- The World Below by Paul Chadwick. Somewhat pulpy adventure. Beautiful artwork, as always from Chadwick.
- Superman/Shazam!: First Thunder by Judd Winick & Joshua Middleton. I haven't heard a lot good about Winick's current Shazam comic, but this was supposed to be pretty good, and it is.
- Superman: Strange Attractors by Gail Simone, John Byrne, et al. Nice, solid storytelling. Not fantastic, but quite a bit better than a lot of comics.
- Athena Voltaire: The Collected Webcomics by Paul Daly & Steve Bryant. Definitely pulpy, rather choppy in places. But it began as a weekly webcomic, and if you're telling a pulp story and you have to pick between action & smooth storytelling, the choice is clear.
- The Drifting Classroom, vol. 4 by Kazuo Umezu. More histrionic adventures of a grade school transported to a nightmarish landscape. I swear in the entire volume, there's something like two bits of dialog that don't end in exclamation points or question marks. (Checked out of the library.)
- Monster, vol. 5: After the Carnival by Naoki Urasuwa. I like this series a lot, but I'm not sure what to say about it. Very tense. (Library.)
- Infinite Crisis by Geoff Johns, Phil Jimenez, et al. DC's latest word in "event" comics. Some very nice art, but I can't say the story impressed me terribly. And I do hope we never see emo-Superboy again. (But I know we will.) (Library.)
- Usagi Yojimbo, vol. 3 by Stan Sakai. For the third week running, I finish my book update with Sakai's wonderful stories of feudal Japan.
Movies
- Land of the Lost: The Complete Second Season. Not as good as the first season, probably due to the loss of David Gerrold as the story editor. Still fairly entertaining, though.
- The Magnificent Seven. I find it somewhat ironic that this movie is a remake of The Seven Samurai when Kurosawa was inspired by westerns. Full circle.
- Children of Men. What an amazing movie. It's the best film I've seen in a long time. Very powerful.

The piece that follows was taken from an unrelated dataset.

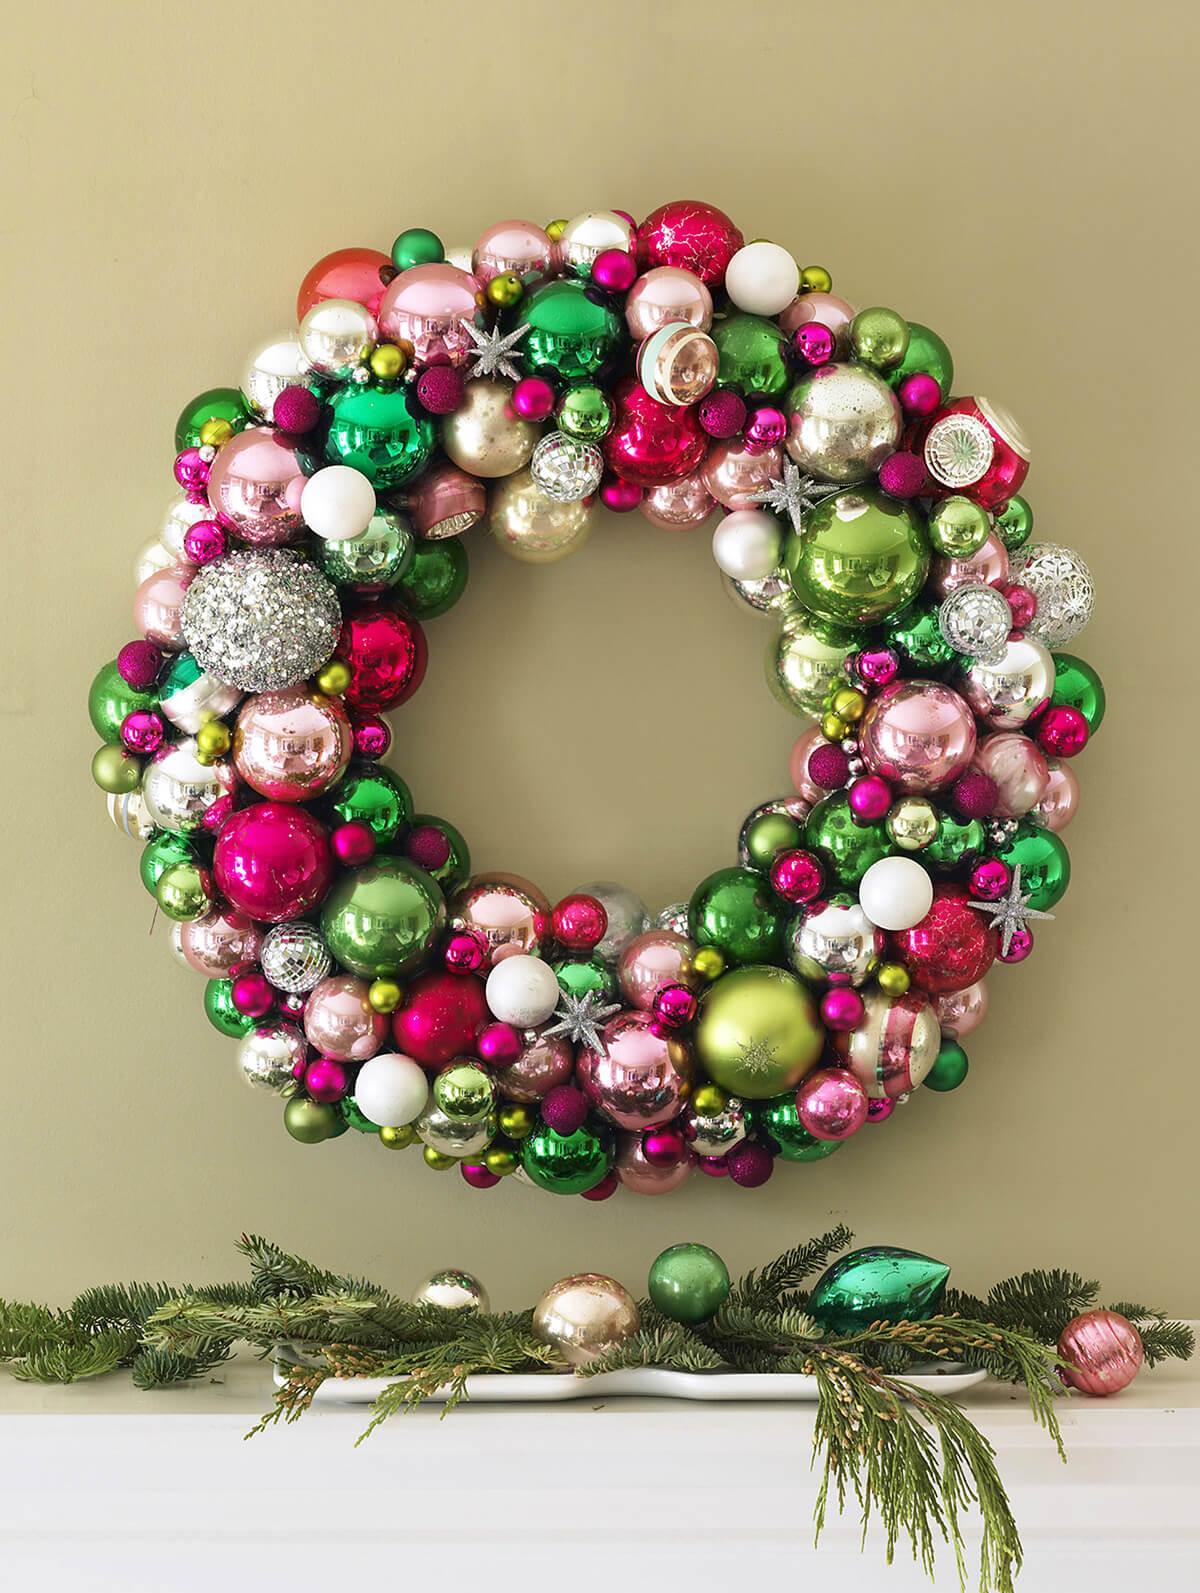 Amazing Mixed Ornament Indoor Wreath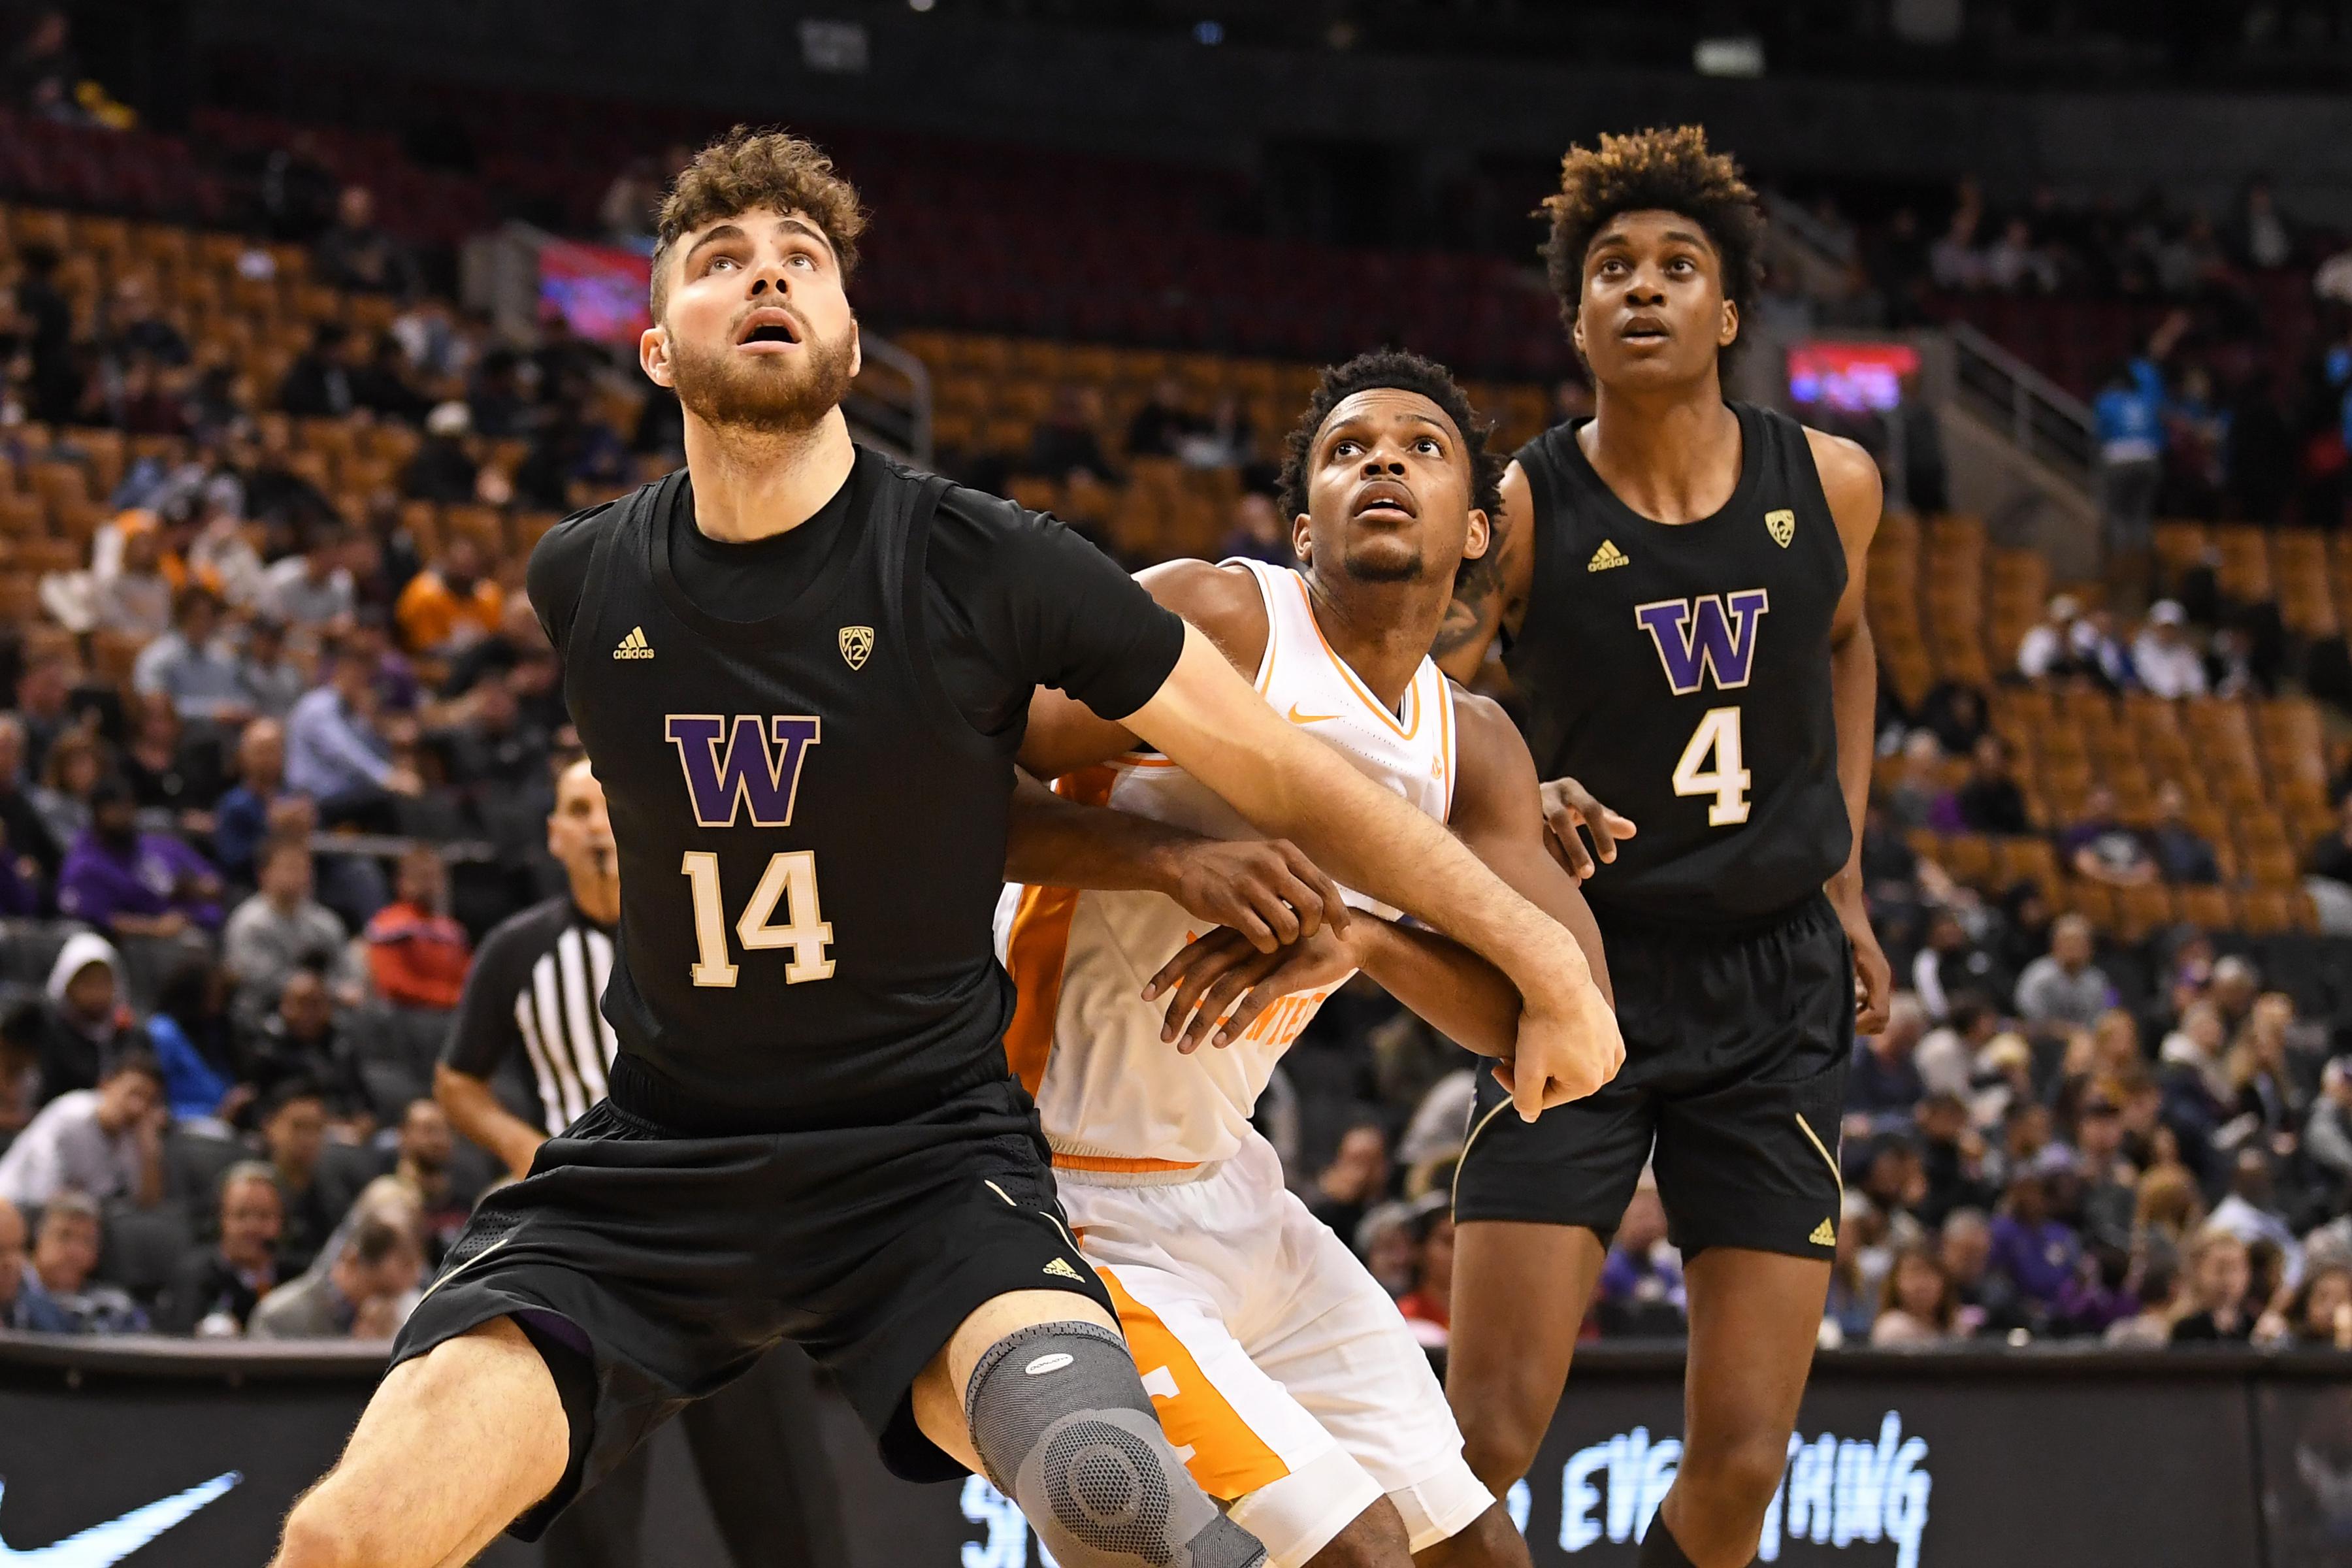 NCAA Basketball: Washington at Tennessee

- The Simpsons: The Complete Fourth Season. Oh man, this show used to be good. Teena & I laughed all the way through the episode where Homer becomes head of the union at the power plant.
- The Simpsons: The Complete Third Season. I forgot to write it down in the journal where I keep track of these things, so I don't know when we finished it, but several months back, Teena & I watched this.